III. Ecosmos: A Revolutionary Fertile, Habitable, Solar-Bioplanet Incubator Lifescape

H. Prolific ExoWorlds, Galactic Dynamics, Solar Orrerys, Habitable Zones, Biosignatures

Carroll, Michael. The Hunt for Earth’s Bigger Cousins. Astronomy. April, 2017. As worldwide humankind continues to explore, discover and quantify a widest array of planetary objects, many articles as this keep up with their findings. Here a science writer and author of Earths of Distant Suns (2016) notes that a most prevalent size seems to be 2 to 10 times our home planet, which are known as Super Earths or Sub Neptunes. We also enter because in several places it is observed that this orderly solar system is an anomaly amongst the usual chaos, continents in motion via plate tectonics are rare, wholly gaseous atmospheres are common, and so on. So the case of an extraordinary great Earth continues to build.

Cassan, Arnaud, et al. One or More Bound Planets per Milky Way Star from Microlensing Observations. Nature. 481/167, 2012. A team of some 41 scientists within the Probing Lensing Anomalies Network (PLANET) collaboration, based at Institut d’Astrophysique de Paris, Université Pierre and Marie Curie, further support the 21st century revolution to realize an innately conducive cosmos that seemingly seeds itself with as many worlds as there are stars in the sky.

We conclude that stars are orbited by planets as a rule, rather than the exception. (167) Planets around stars in our Galaxy thus seem to be the rule rather than the exception. (169)

Chang, Kenneth. 7 Earth-Size Planets Orbit Dwarf Star, NASA and European Astronomers Say. New York Times. February 23, 2017. As a graphic display to lead the front page, this is a report about the widely-noted discovery of the most solar system-like, multi-world array found to date. We also note that while a cooperative humanity can reveal such frontiers, as readers know, the rest of the daily news was about a precious planet consumed with barbaric, terminal violence.

Not just one, but seven Earth-size planets that could potentially harbor life have been identified orbiting a tiny star not too far away, offering the first realistic opportunity to search for signs of alien life outside the solar system. The planets orbit a dwarf star named Trappist-1, about 40 light-years, or 235 trillion miles, from Earth. All seven are very close to the dwarf star, circling more quickly than the planets in our solar system. The innermost completes an orbit in just 1.5 days. The farthest one completes an orbit in about 20 days. That makes the planetary system more like the moons of Jupiter than a larger planetary system like our solar system.

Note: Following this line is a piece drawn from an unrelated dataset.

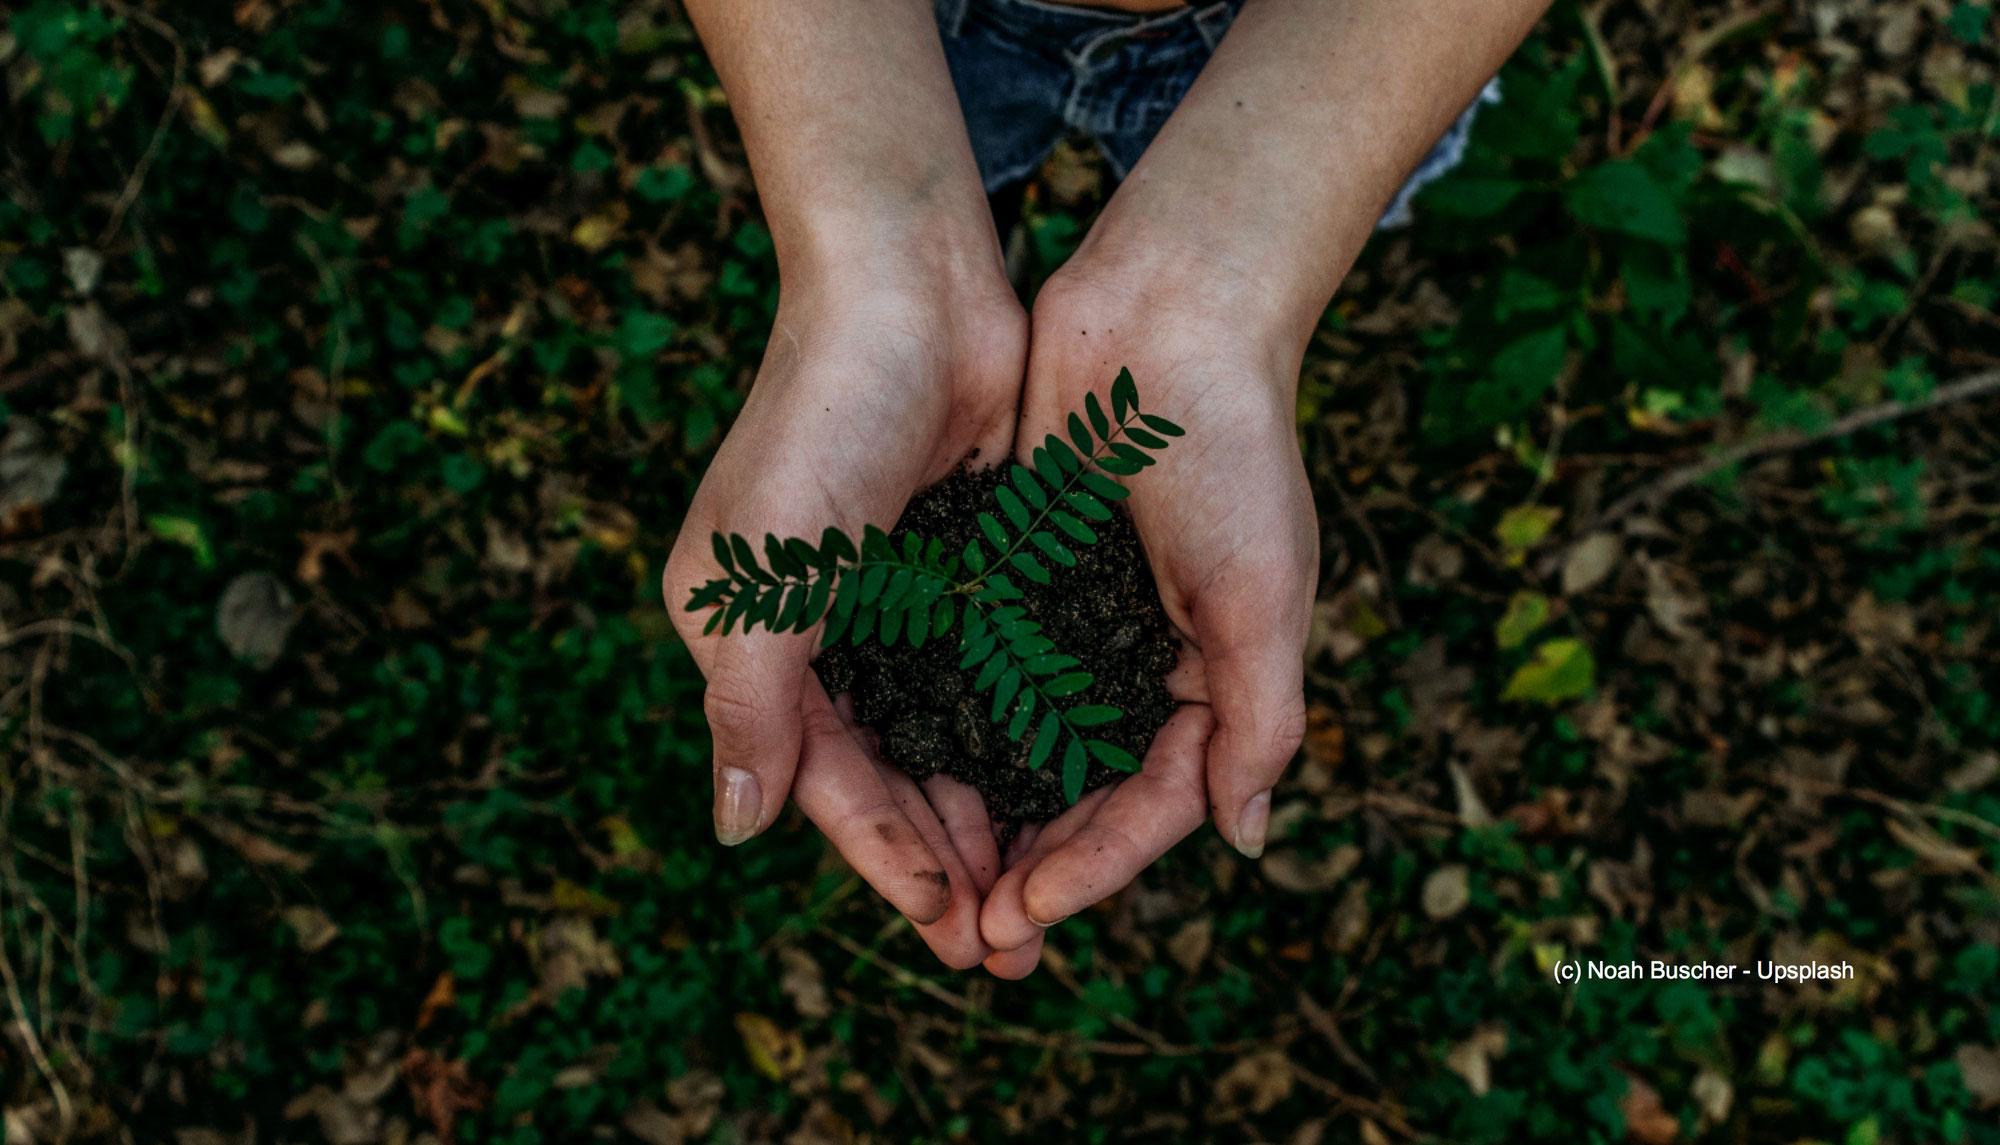 Sinnvollen Klimaschutz praktizieren

Chen, Jingjing and David Kipping. Probabilistic Inference of the Masses and Radii of Other Worlds. arXiv:1603.08614. Columbia University astronomers look back upon the past two decades, especially by the Kepler satellite, of novel planetary discoveries to propose four object classes – Terran (rocky earths), Neptunian worlds, larger Jovian orbs (both gaseous) and stars. By these views, the so-called Super Earths actually appear to be mini-Neptunes or gas dwarfs. It is thus concluded: This independent analysis adds further weight to the emerging consensus that rocky Super-Earths represent a narrower region of parameter space than originally thought. Effectively, then, the Earth is the Super-Earth we have been looking for.

Chiang, Eugene and Gregory Laughlin. The Minimum-Mass Extrasolar Nebula: In Situ Formation of Close-in Super-Earths. Monthly Notices of the Royal Astronomical Society. 431/3444, 2013. In a typical paper now infusing such august journals, University of California, Berkeley, and Santa Cruz, astrophysicists continue to show how profligate cosmic nature is when it comes to seeding herself with all manner of solar-planetary systems and ovular bioworlds.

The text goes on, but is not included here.